*TASK TO CARRY OUT:* Wherever a picture sits, omit it. Output the rest of the listing exactly.

*DATA BELOW:*
◇ ◇ ◇ ◇ ◇ ◇ ◇
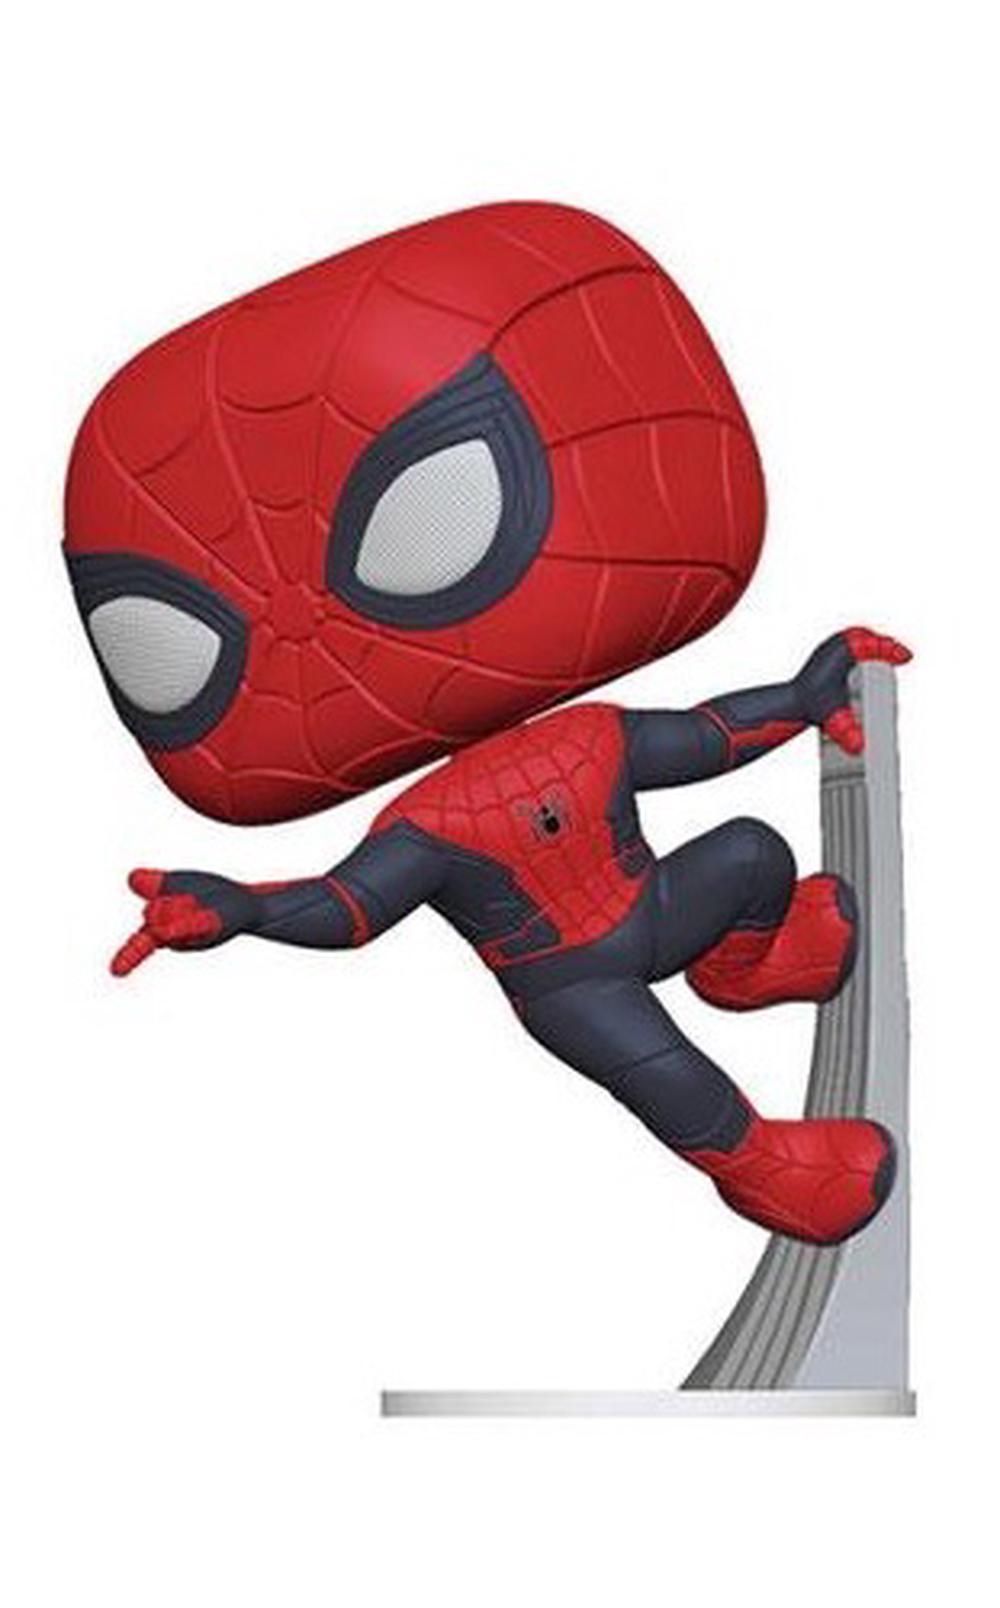 spider man vinyl figure
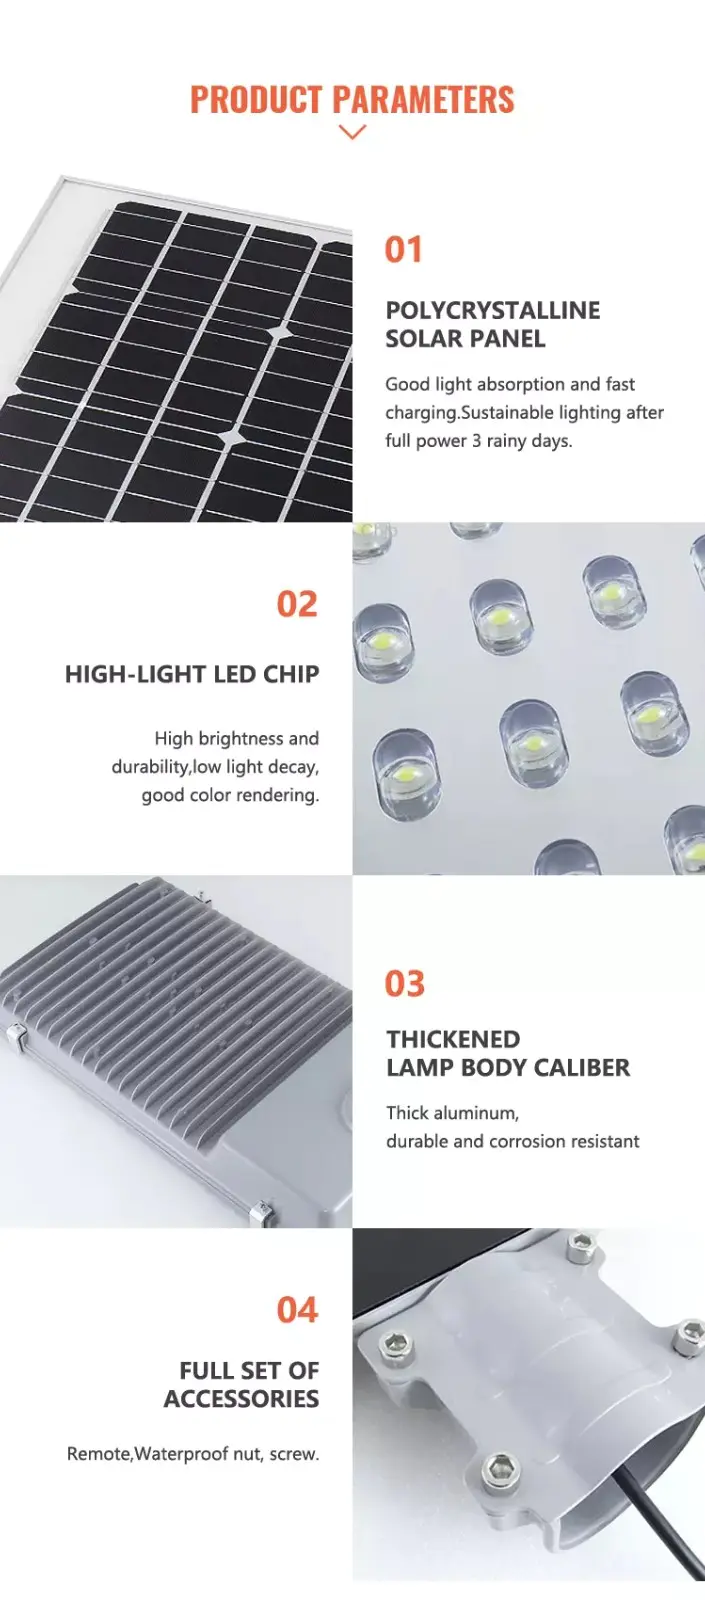 Litel Technology sensor solar street lights for home control for
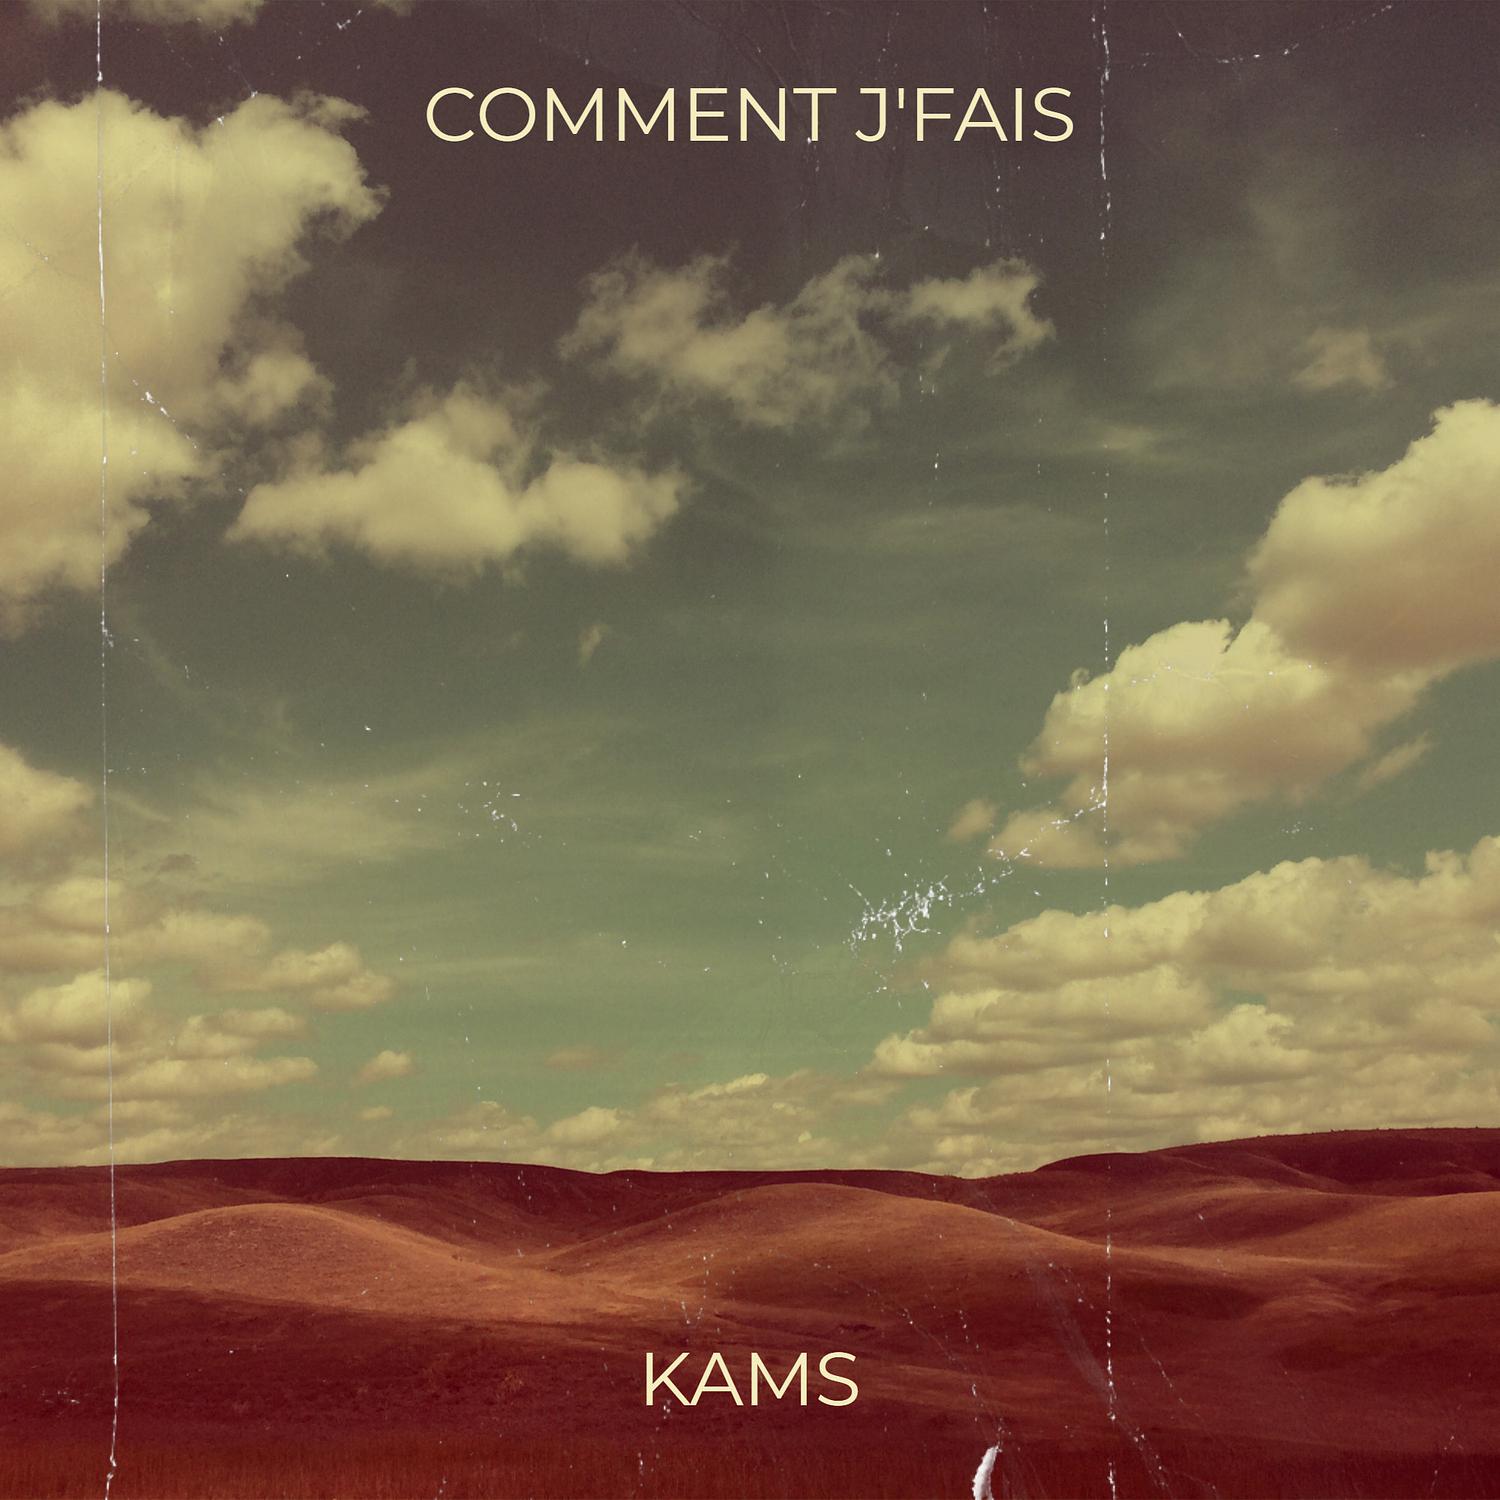 Kams - Comment j'fais
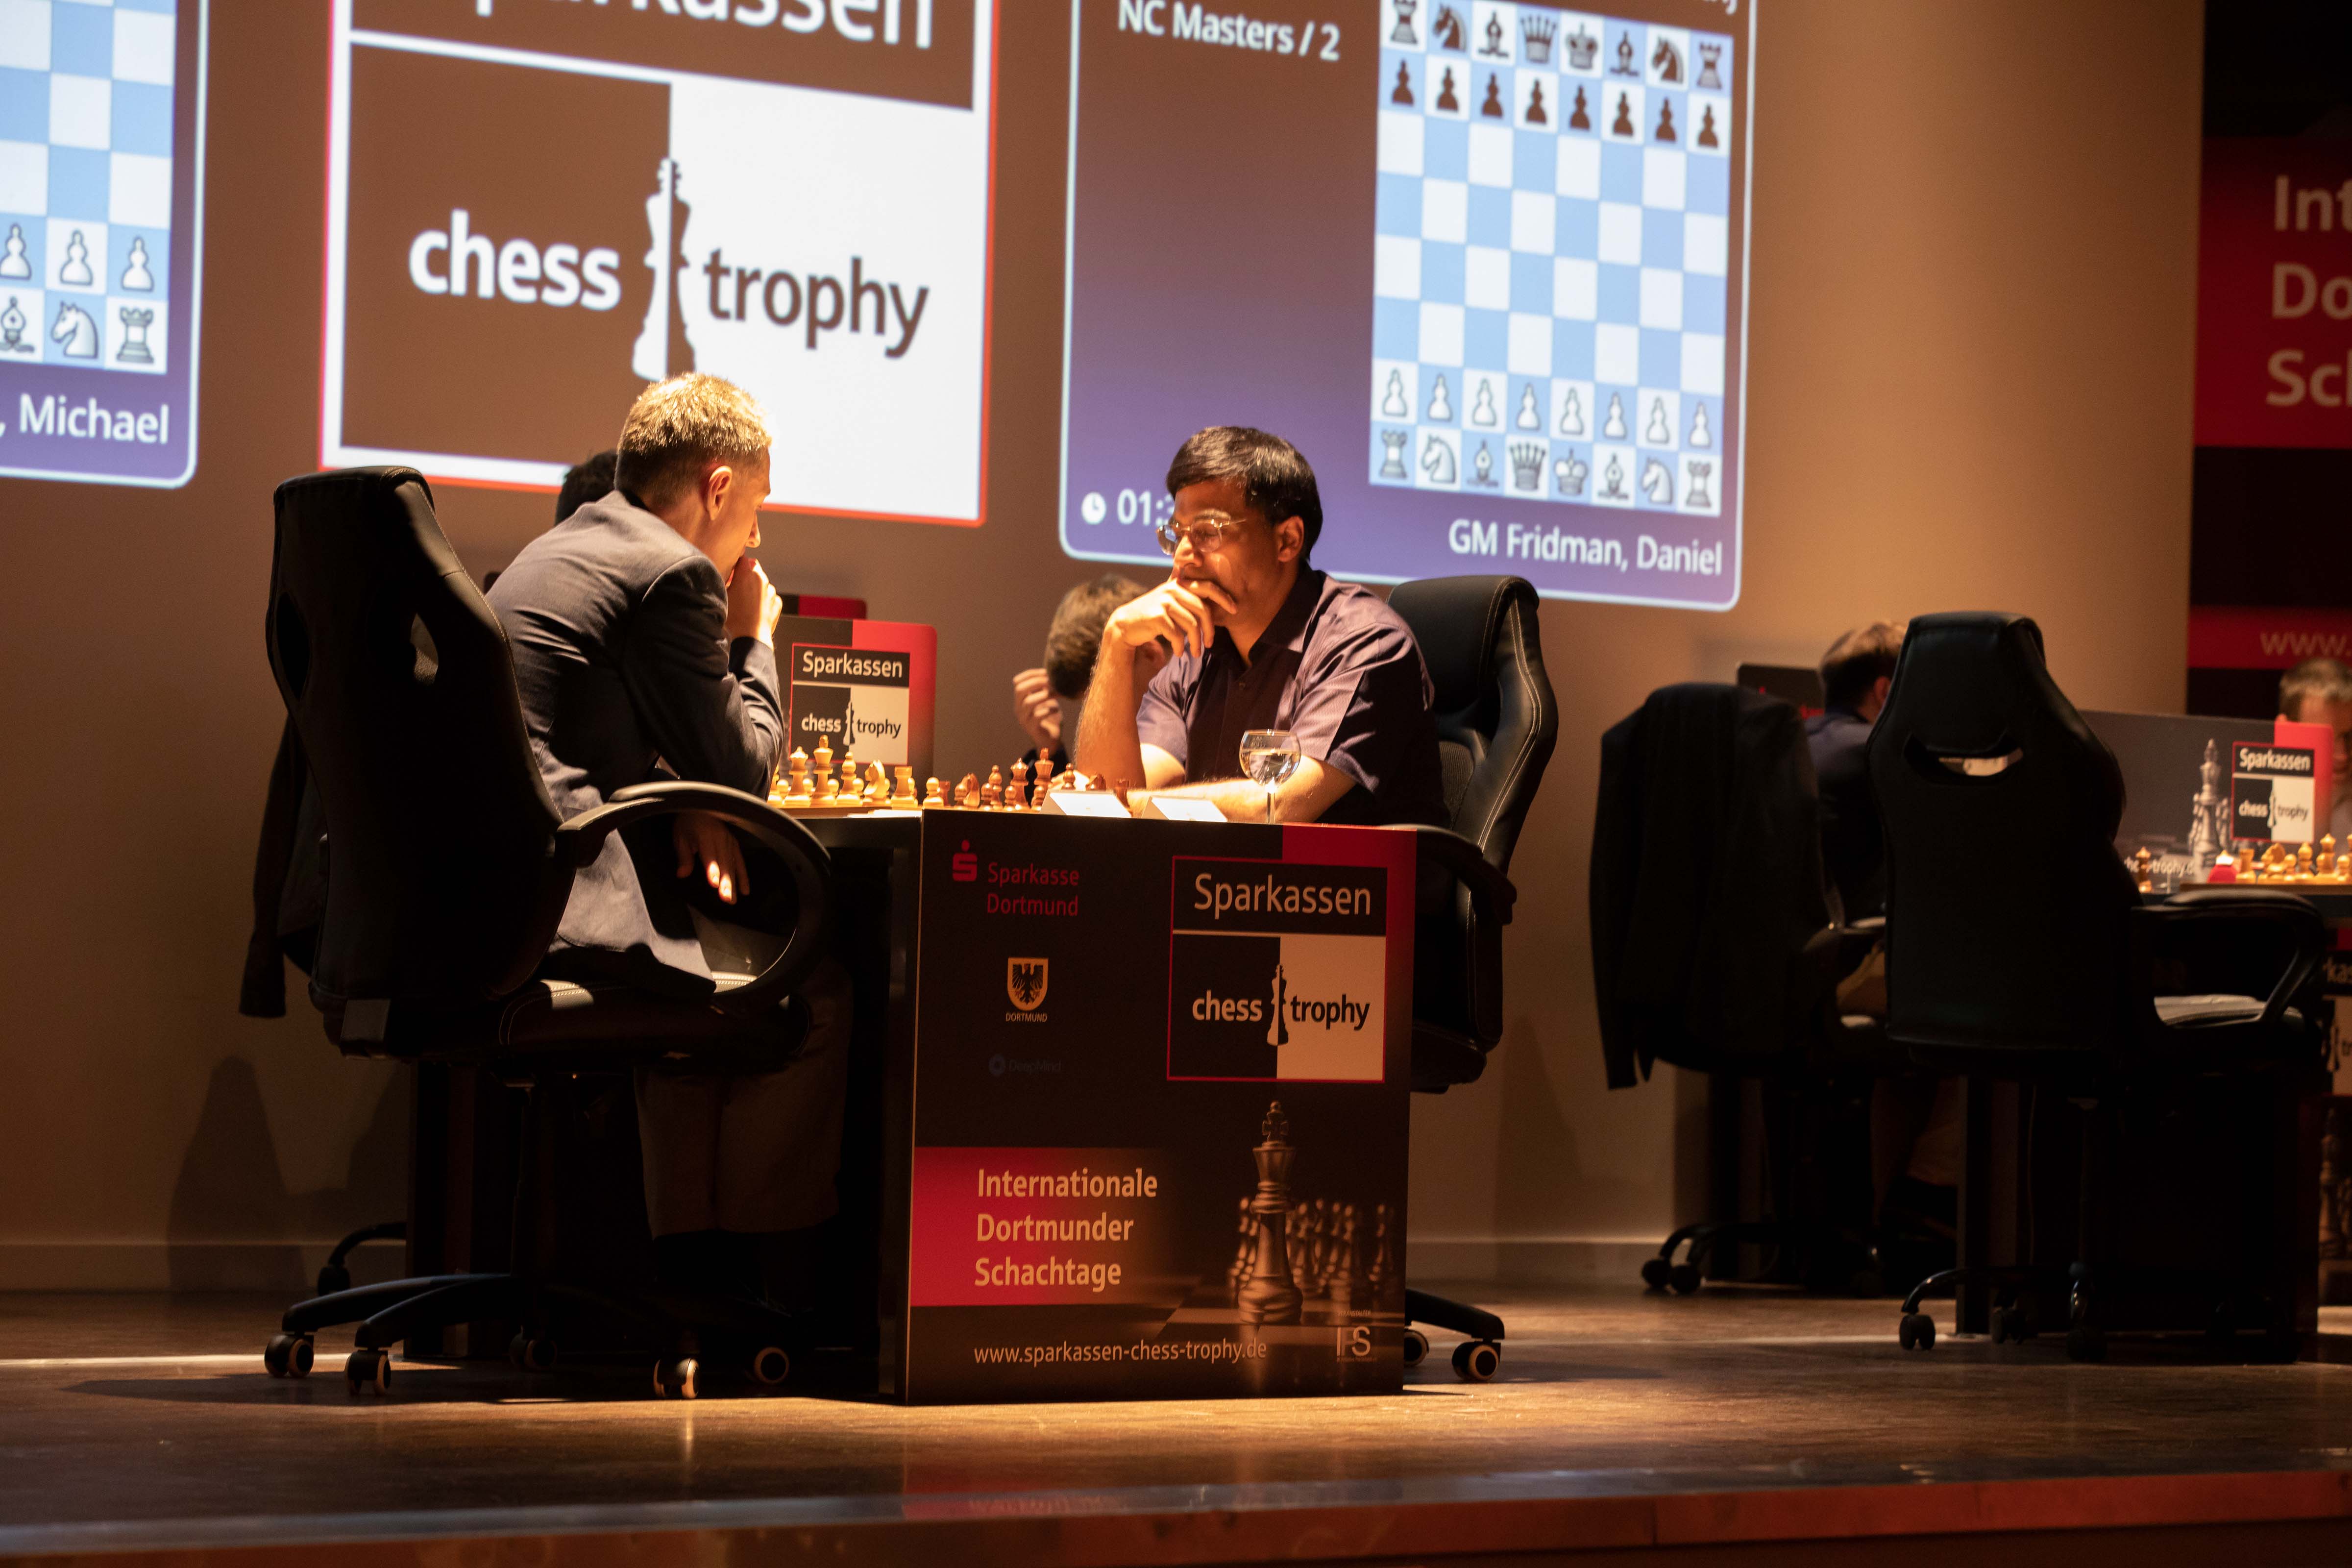 Viswanathan Anand startet mit remis im NC World Masters
◇ ◇ ◇ ◇ ◇ ◇ ◇
*ANSWER TO THIS PROBLEM:*
 spider man vinyl figure
 Litel Technology sensor solar street lights for home control for
 Kams - Comment j'fais
 Viswanathan Anand startet mit remis im NC World Masters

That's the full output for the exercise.